Indeed, despite Richard Florida’s focus on innovation, one reason that High Speed Rail looms so large in his vision of the new 21st century is that in High Speed Rail, the essential technical innovations required to allow us to start building have already been made, and there is very little social innovation required. Florida is, in other words, projecting an existing technology into the future.
In local transport, more social innovation is required to reach the point of painting a compelling grand sweeping vision of how we will get from our current, obsolete, system to one that will meet the needs of our new century.
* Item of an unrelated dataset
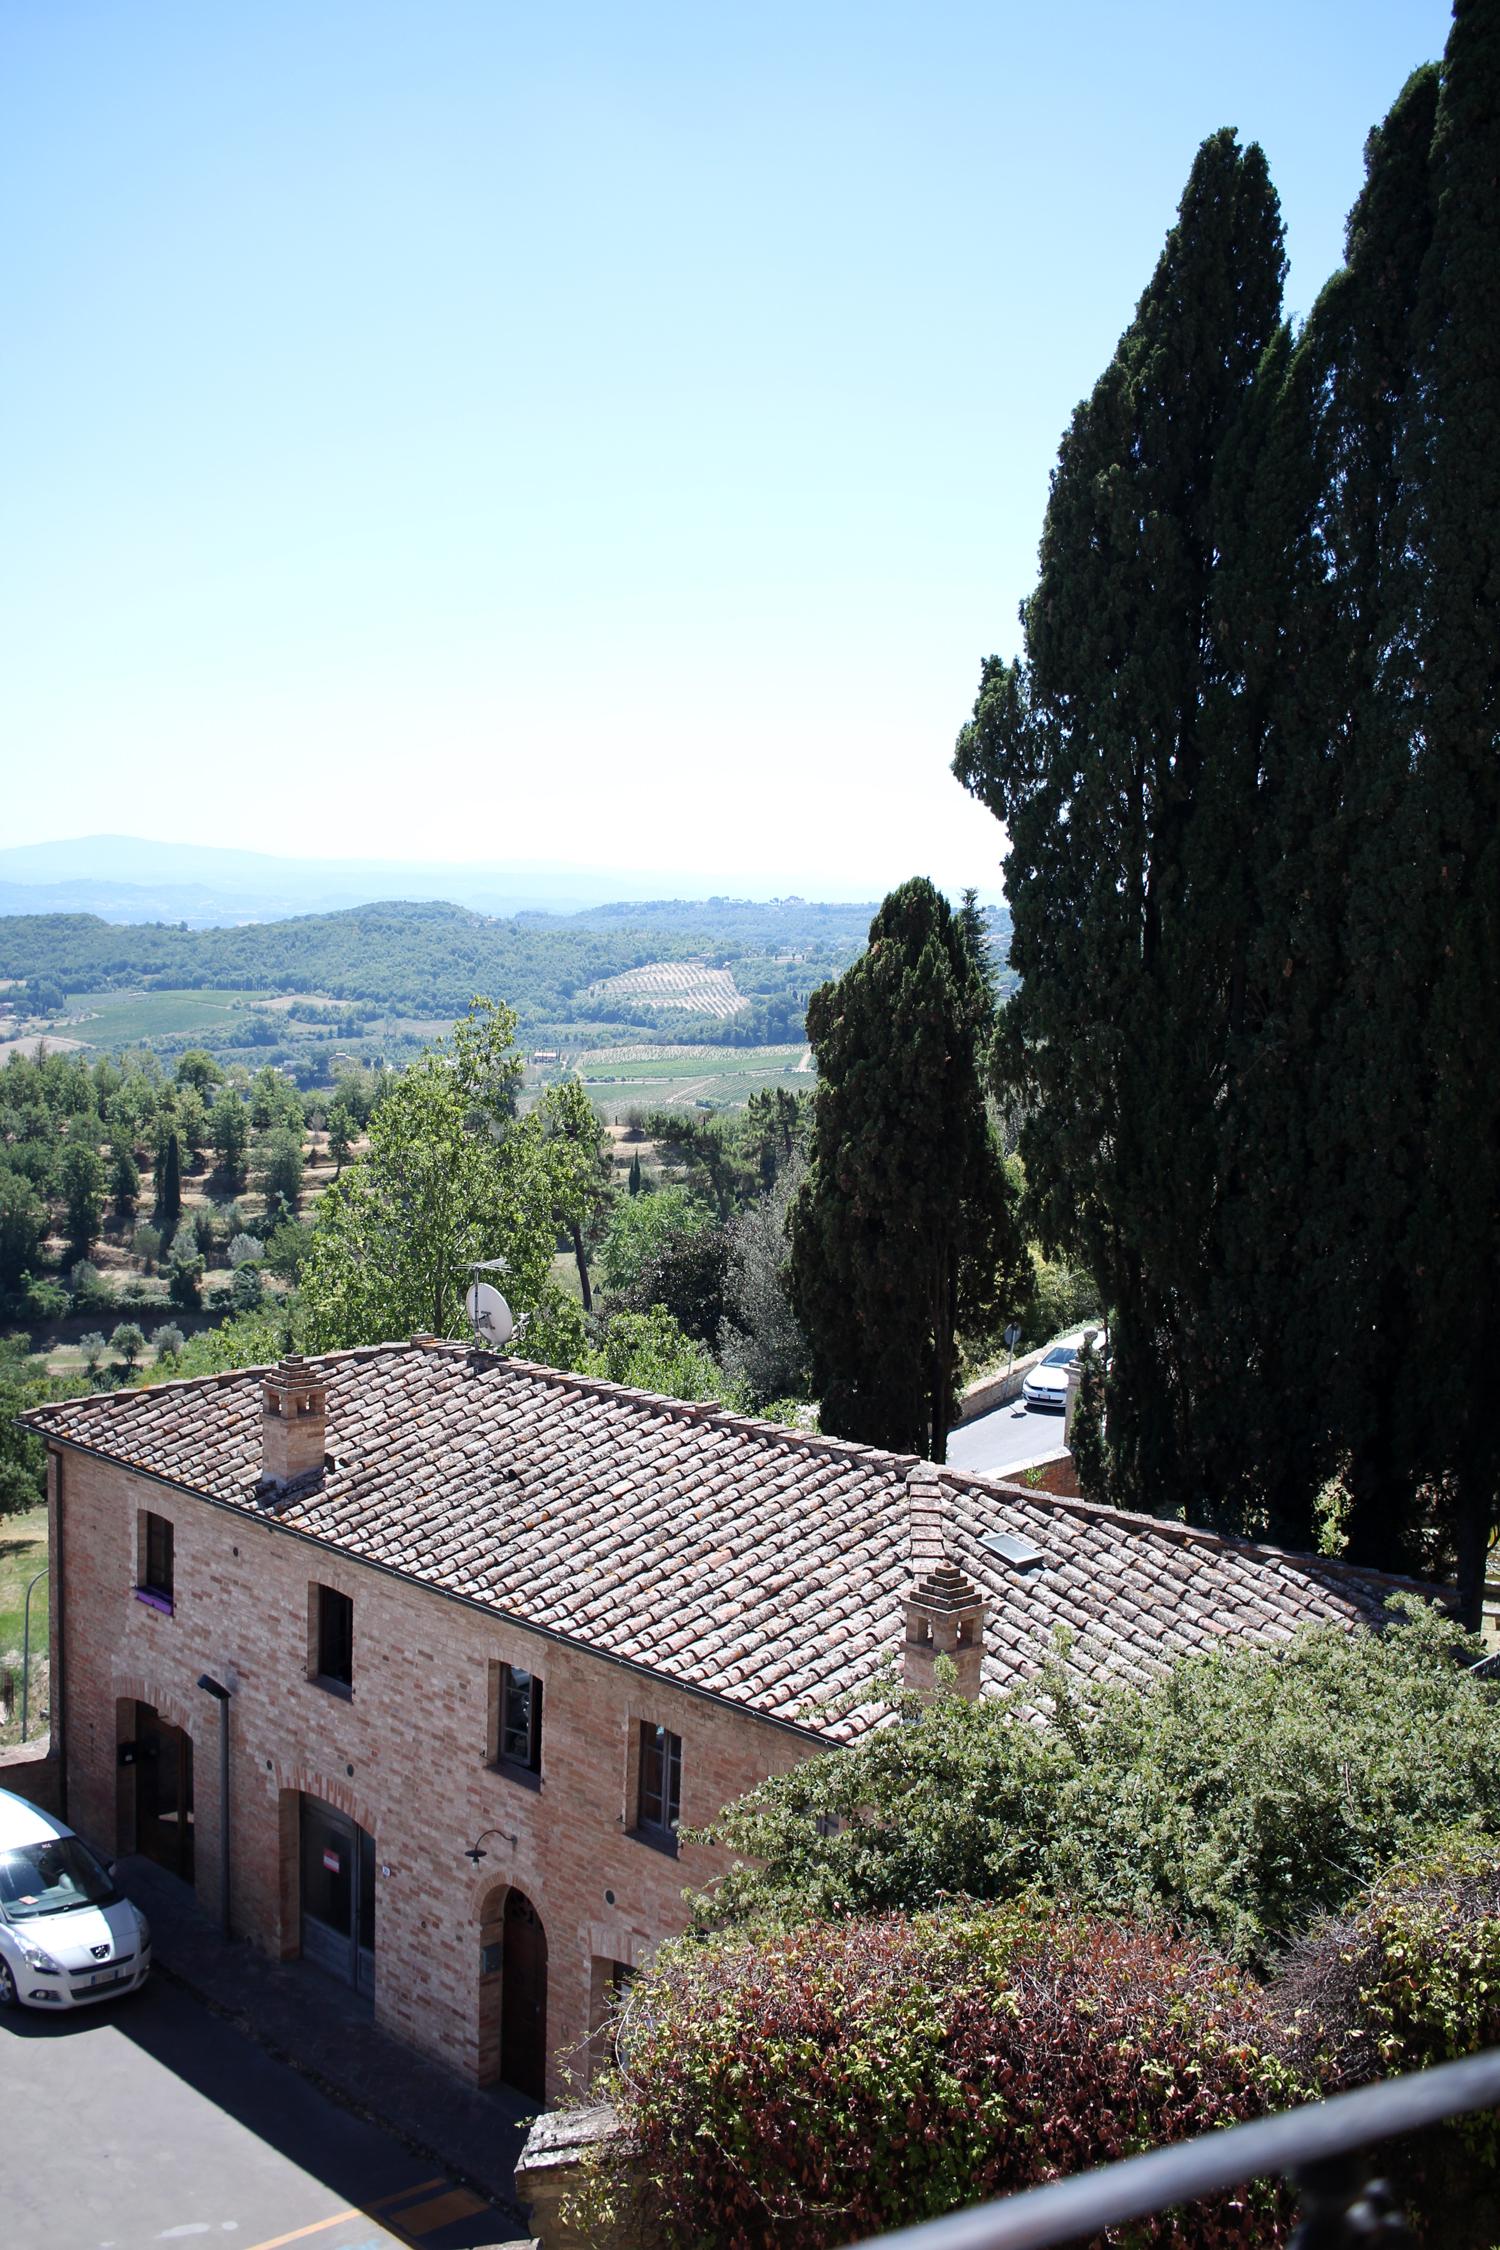 tuscany-italy-montepulciano-travel-blogger-15
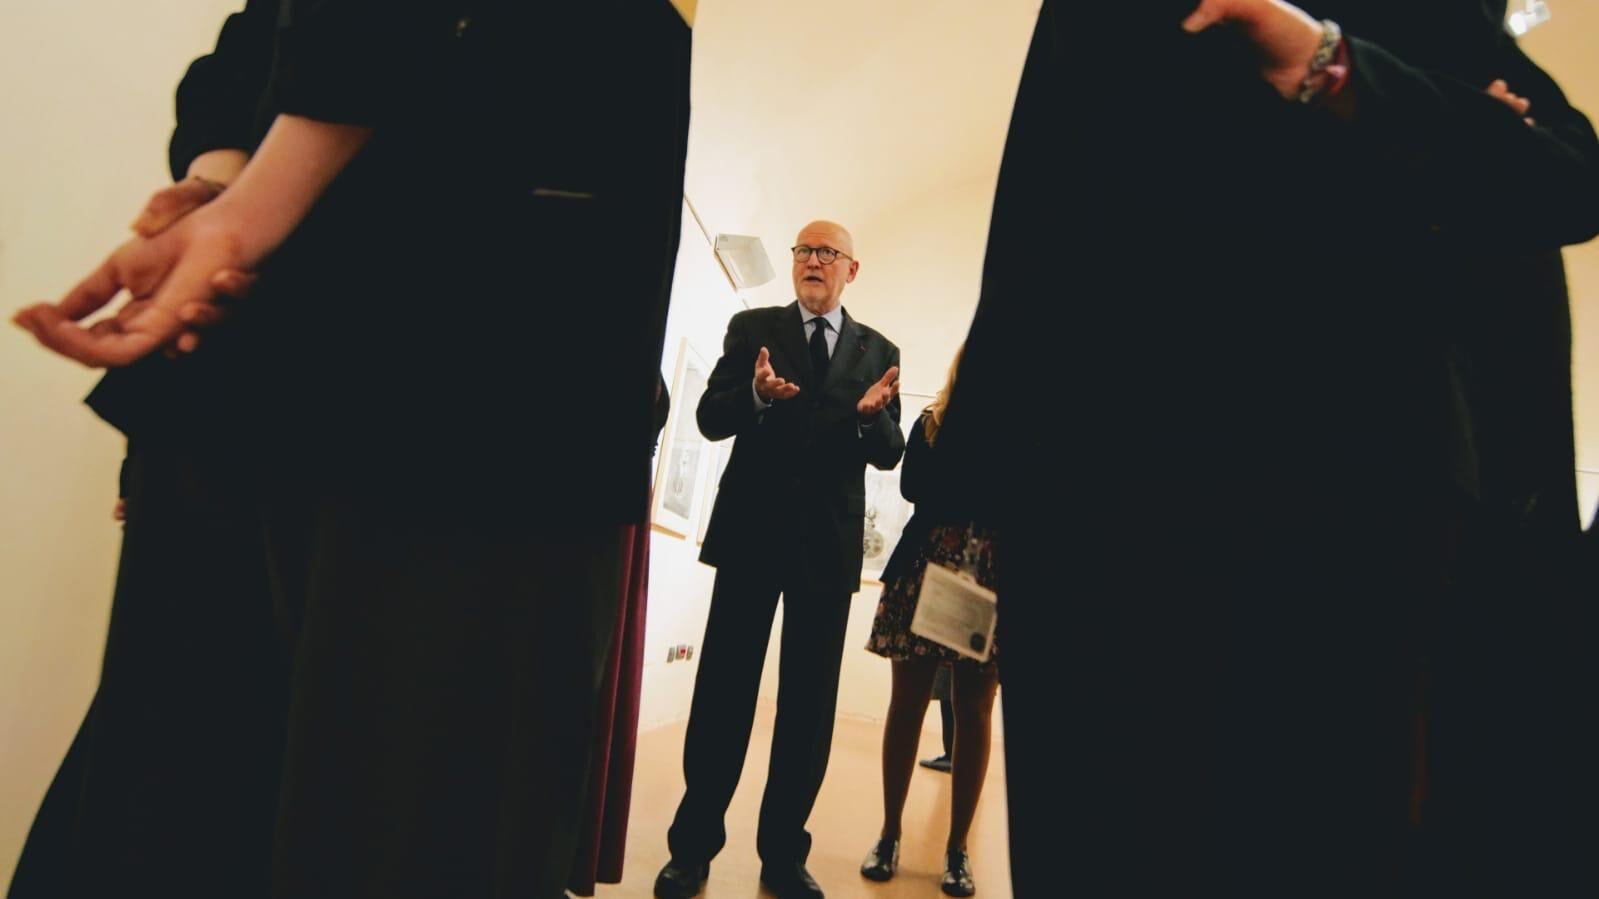 DENTRO IL DISEGNO: visita guidata alla mostra insieme al curatore LÓRÁND HEGYI

So, although this is a more important challenge for our day to day standard of living in 2020 or 2050 … it is a far less question to consider for those who specialize in painting grand sweeping visions.
And the idea that we will simply abandon making things that do useful things is a fantasy from the twilight of the Age of the Automobile. It rests on the neo-mercantelist strategy of China and others to accept lower terms of trade in return for being allowed to export potential unemployment to the US. The credit creation required to maintain a discounted ¥RMB to US$ exchange rate has been an important part of the credit creation that has been papering over the fading income-generating capacity of the post-WWII Growth Economy.
However, this is also an imbalanced and ultimately unsustainable process. In a sustainable system, our standard of living will depend not on the creation of credit in China, but in the creation of goods and services of value to our own economy and to potential trade partners overseas. Pre-emptively hobbling our capacity to produce valuable products by continuing to engage in aggressive de-industrialization is the path towar being a poorer nation in the future than we need to be.